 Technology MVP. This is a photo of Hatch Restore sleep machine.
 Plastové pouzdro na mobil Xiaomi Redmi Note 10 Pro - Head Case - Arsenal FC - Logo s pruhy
========
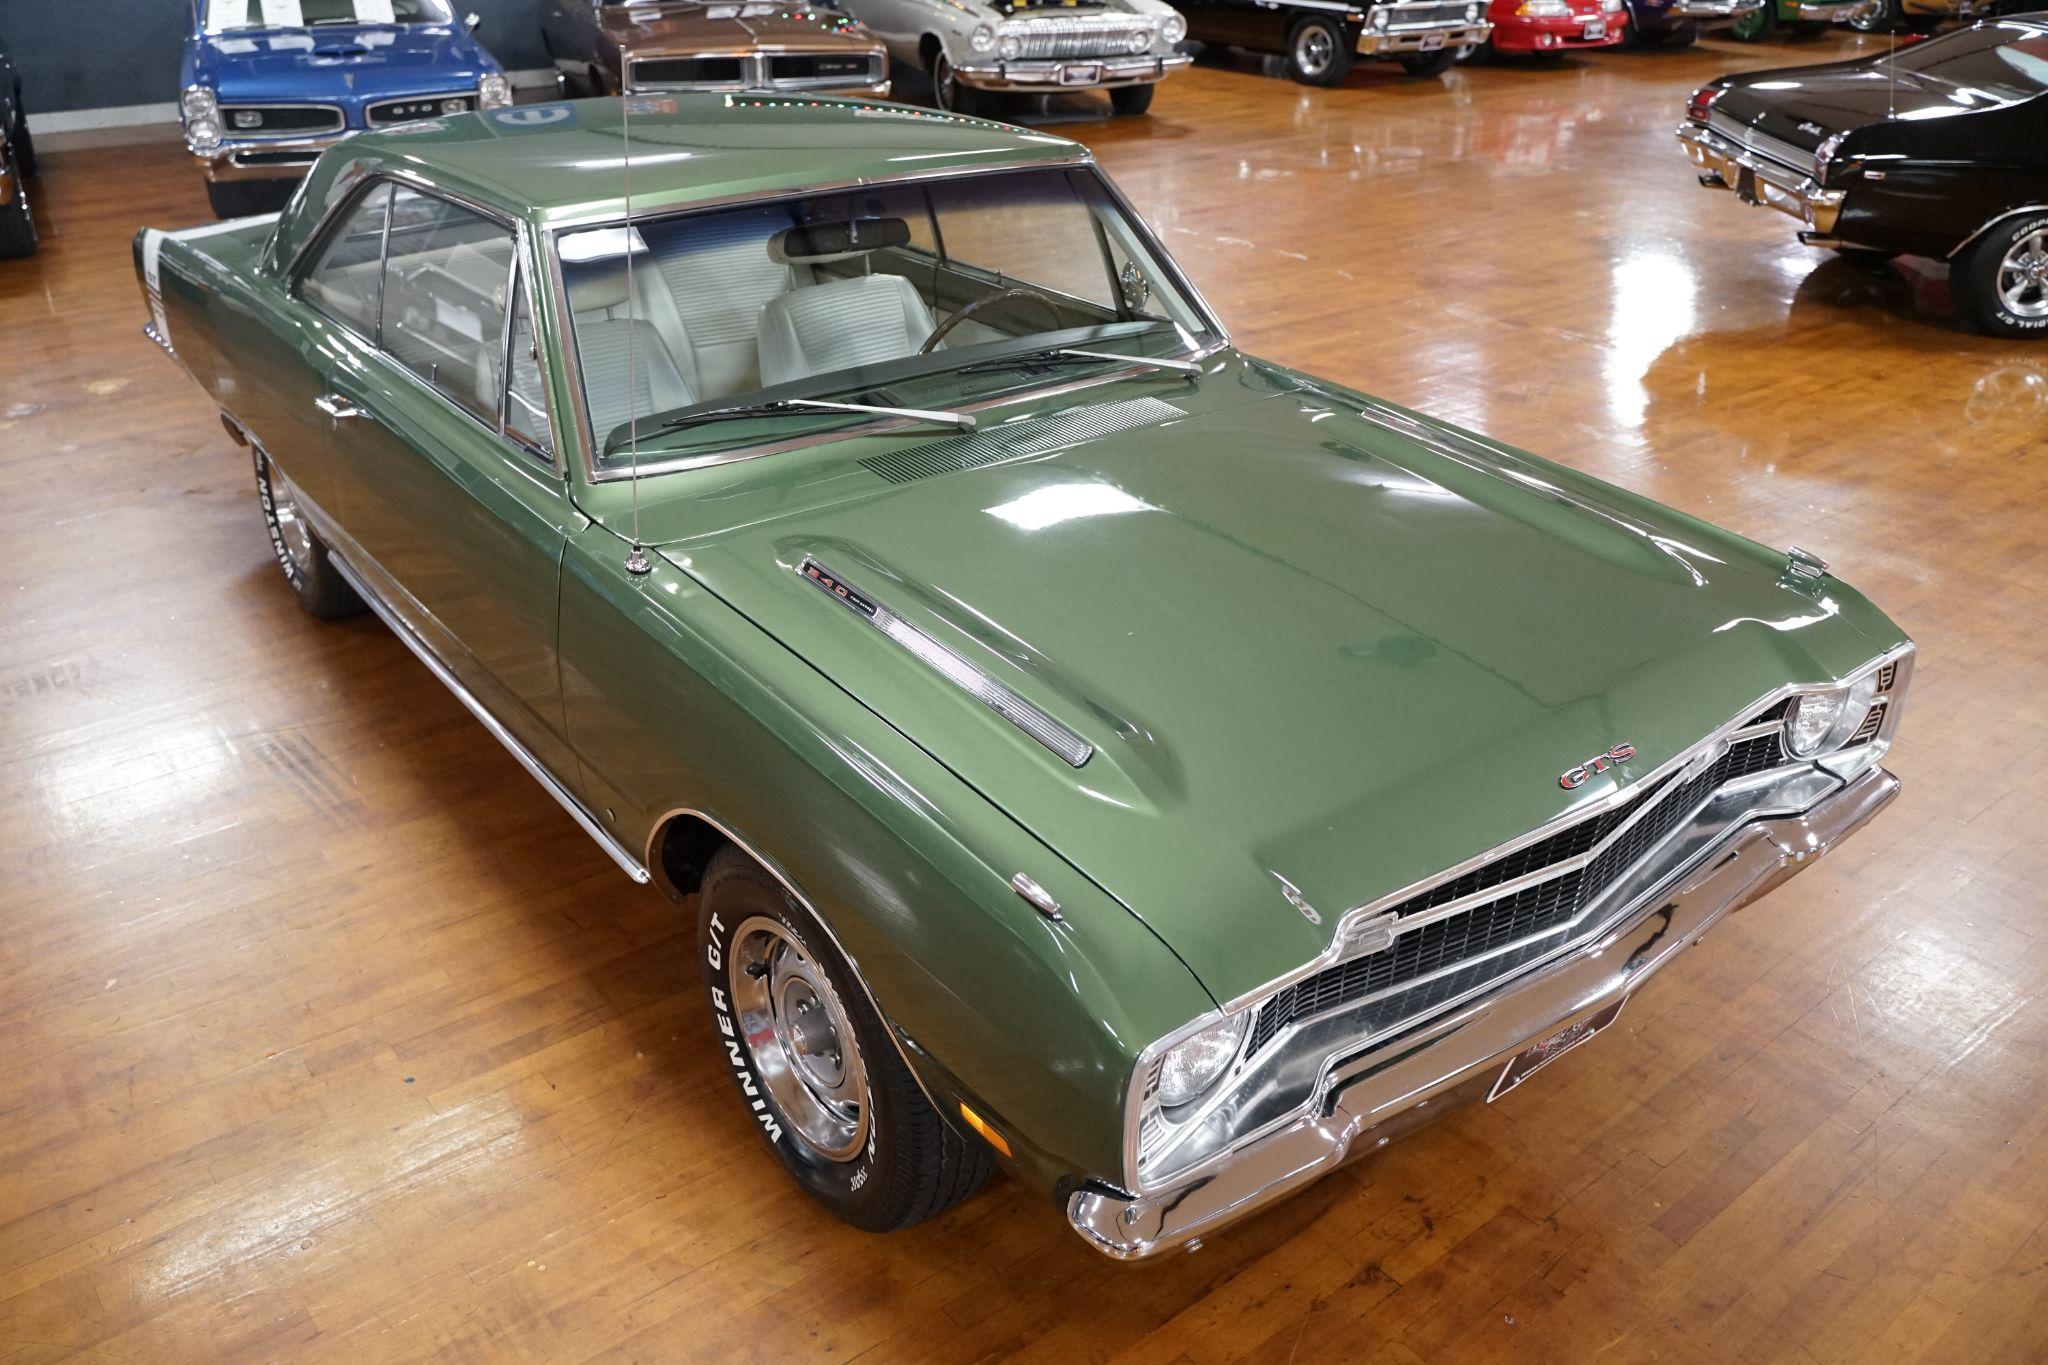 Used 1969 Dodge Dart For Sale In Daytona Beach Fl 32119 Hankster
========
The required answer is the run of lines above, starting at the line with "Technology MVP. This" and ending at the line with "Plastové pouzdro na", reproduced exactly with both ends.

* _ANSWER_:
 Technology MVP. This is a photo of Hatch Restore sleep machine.
 Plastové pouzdro na mobil Xiaomi Redmi Note 10 Pro - Head Case - Arsenal FC - Logo s pruhy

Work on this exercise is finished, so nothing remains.